Foundation chair Patricia Cole said members were shocked by Lisanti’s comments, given “her record of working with and for people of color and her unwavering support of efforts like ours.” Cole said the delegate is doing the right thing by recognizing the pain caused by her words and accepting responsibility.

“God didn't make us perfect, but he did give us the ability to atone for our mistakes,” Cole wrote in an email. “She extended an apology to our organization and I accept her apology. We will continue to monitor the events as they unfold, but we hope that we can soon begin healing as a community.”

Benn agreed that Lisanti needs to heal, but says she needs to do so “outside the legislature.”

Galloway says she might have been able to forgive Lisanti more easily had she apologized sooner and more authentically.

“She needed to come to Harford County and ask for our forgiveness, not from the floor of the House,” she said. “She should go door to door to let us know how sorry she is.”

JoWanda Strickland-Lucas, president of African American Democratic Club of Harford County, said frustrations have been simmering even before news of the slur broke. She referenced a vote Lisanti made in 2015 against restoring voting rights to ex-felons. The bill, which ultimately became law, had been a priority for the NAACP and African-American residents in Harford.

“We don’t have a representative we can trust,” she said.

The back-and-forth manner in which Lisanti at first acknowledged racist remarks, then walked back her comments, have contributed to the already frayed sense of trust between some residents and their representative.

On Thursday night, Lisanti said she did not believe she had used an offensive term to describe African-Americans, although she acknowledged earlier in the week that she had done so.

When The Post originally asked whether she has ever used the slur, she said: “I’m sure I have. .?... I’m sure everyone has used it. I’ve used the f-word. I used the Lord’s name in vain.”

Del. Jay Walker, a Prince George’s County Democrat who was with Lisanti during the gathering in the cigar bar the night of the incident, said he heard her use the racist slur.

“It wasn’t alleged,” Walker said Friday. “I was there.”

Del. Darryl Barnes, a Prince George’s County Democrat, said Lisanti admitted to the Legislative Black Caucus in a closed-door meeting that she had used the slur.

“To me that is another case of denial,” Barnes said of Lisanti’s most recent statement. “She said it once before that ‘I did say it.’ Now she’s saying that I didn’t say it.”

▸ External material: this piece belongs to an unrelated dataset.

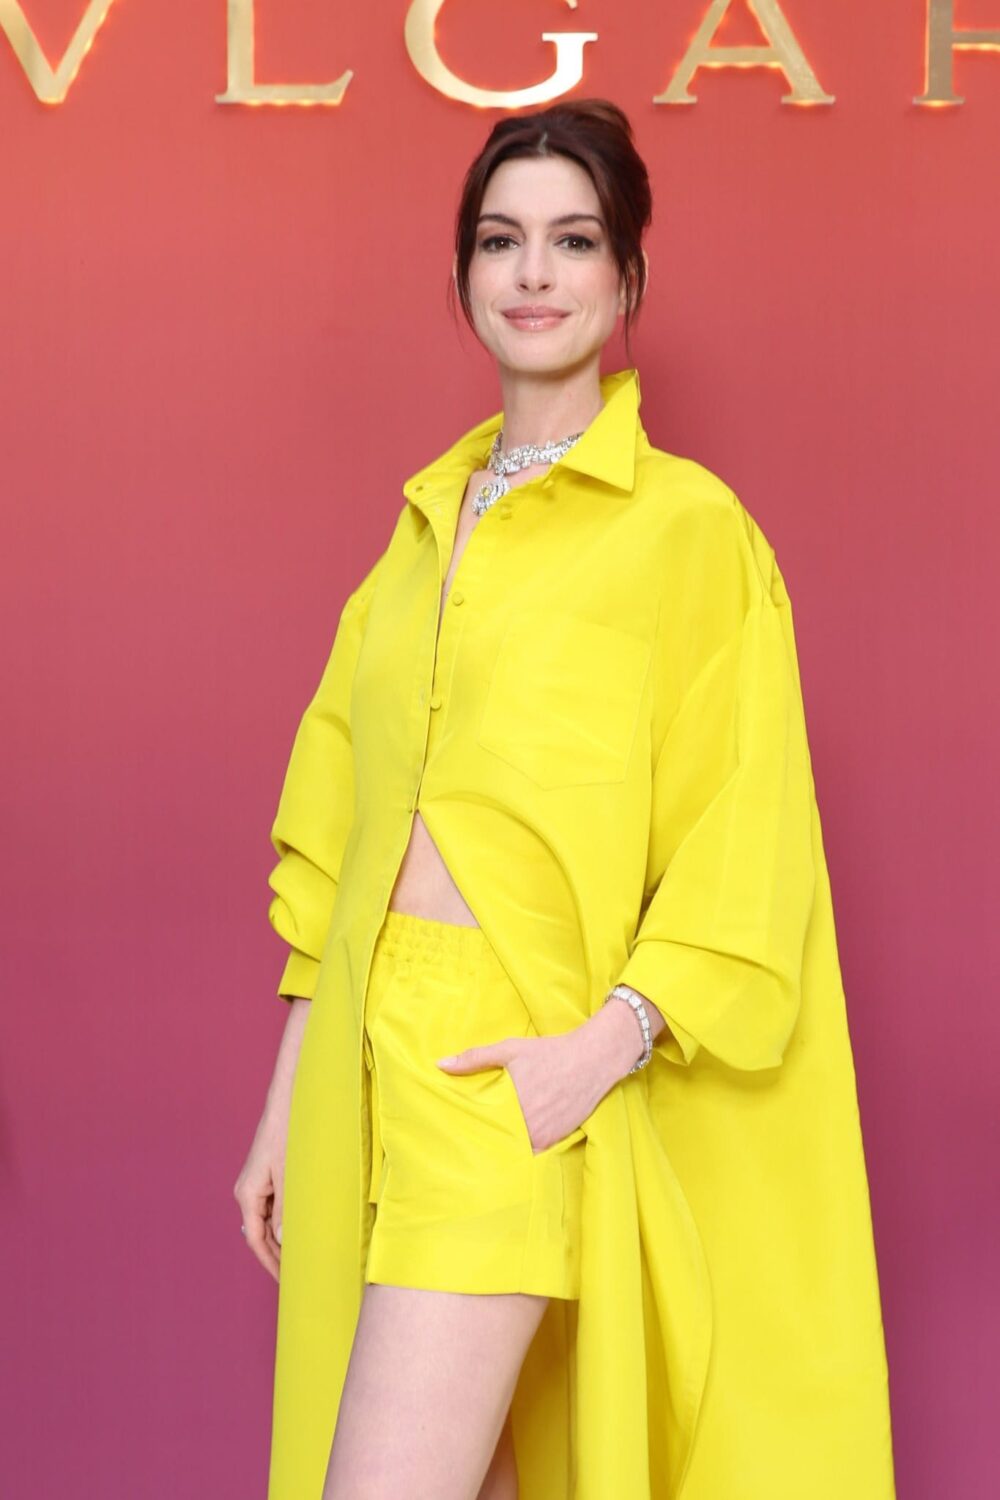 Gorgeous Anne Hathaway in Yellow Valentino Shorts at Bvlgari High Jewelry Gala 2022

“To me she sounds like Gov. Ralph Northam,” Barnes said, referring to the Virginia governor. Northam at first admitted to appearing in a medical school yearbook photo featuring one person in blackface and another in a KKK robe. Then he denied it, but said he wore blackface on a separate occasion, when imitating Michael Jackson.

To some of Lisanti’s constituents, the situation unfolding in Annapolis is reminiscent of what happened with Northam — but with at least one key difference.

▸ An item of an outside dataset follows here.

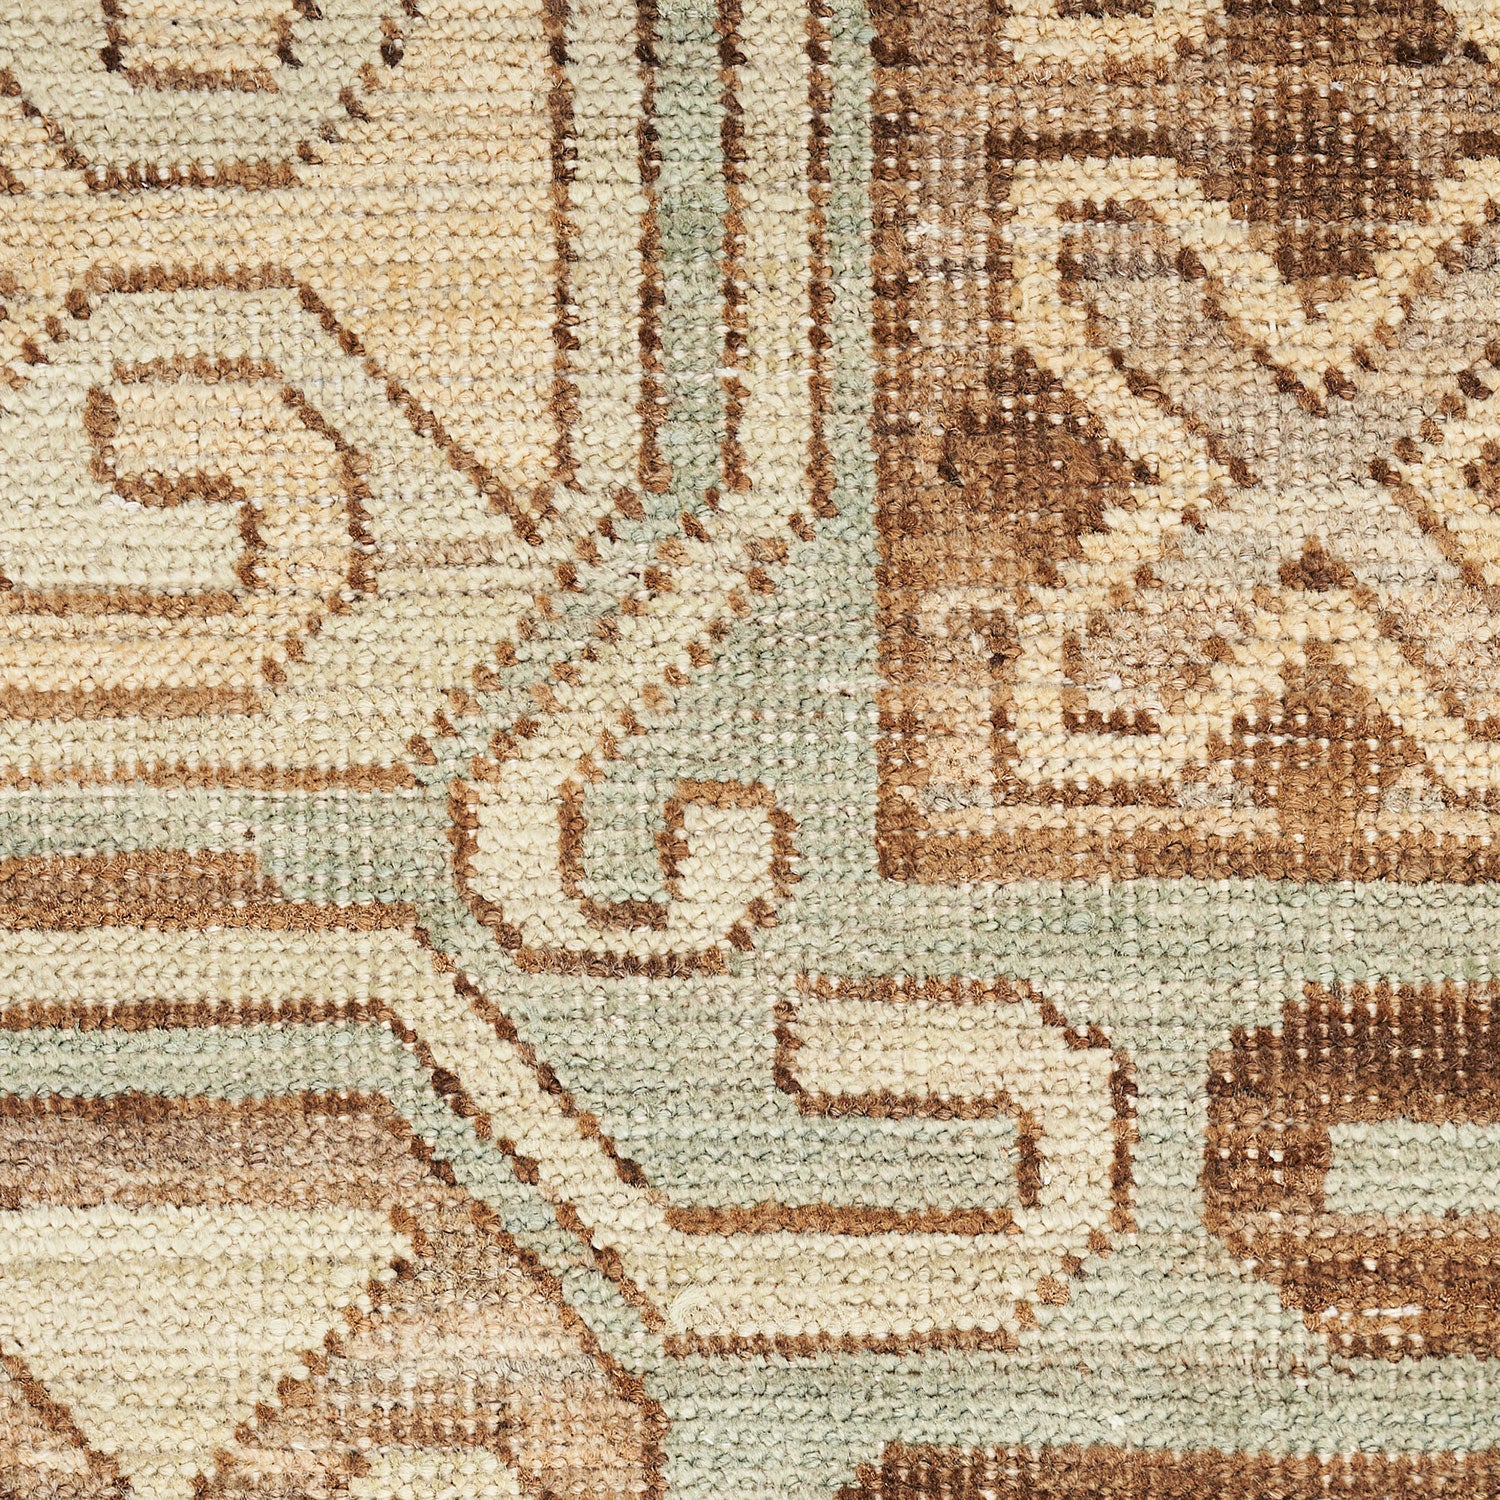 Close-up of a durable woven carpet with intricate geometric designs.

“Thirty years ago is different from 30 days ago,” Smith said.

“She will go down.”

If Lisanti were to resign, the Harford County Democratic Central Committee would be charged with nominating a replacement. Hogan could appoint that individual, or ask for another nomination.

Lisanti did not respond to requests for comment Friday.

Baltimore Sun reporter Luke Broadwater contributed to this article.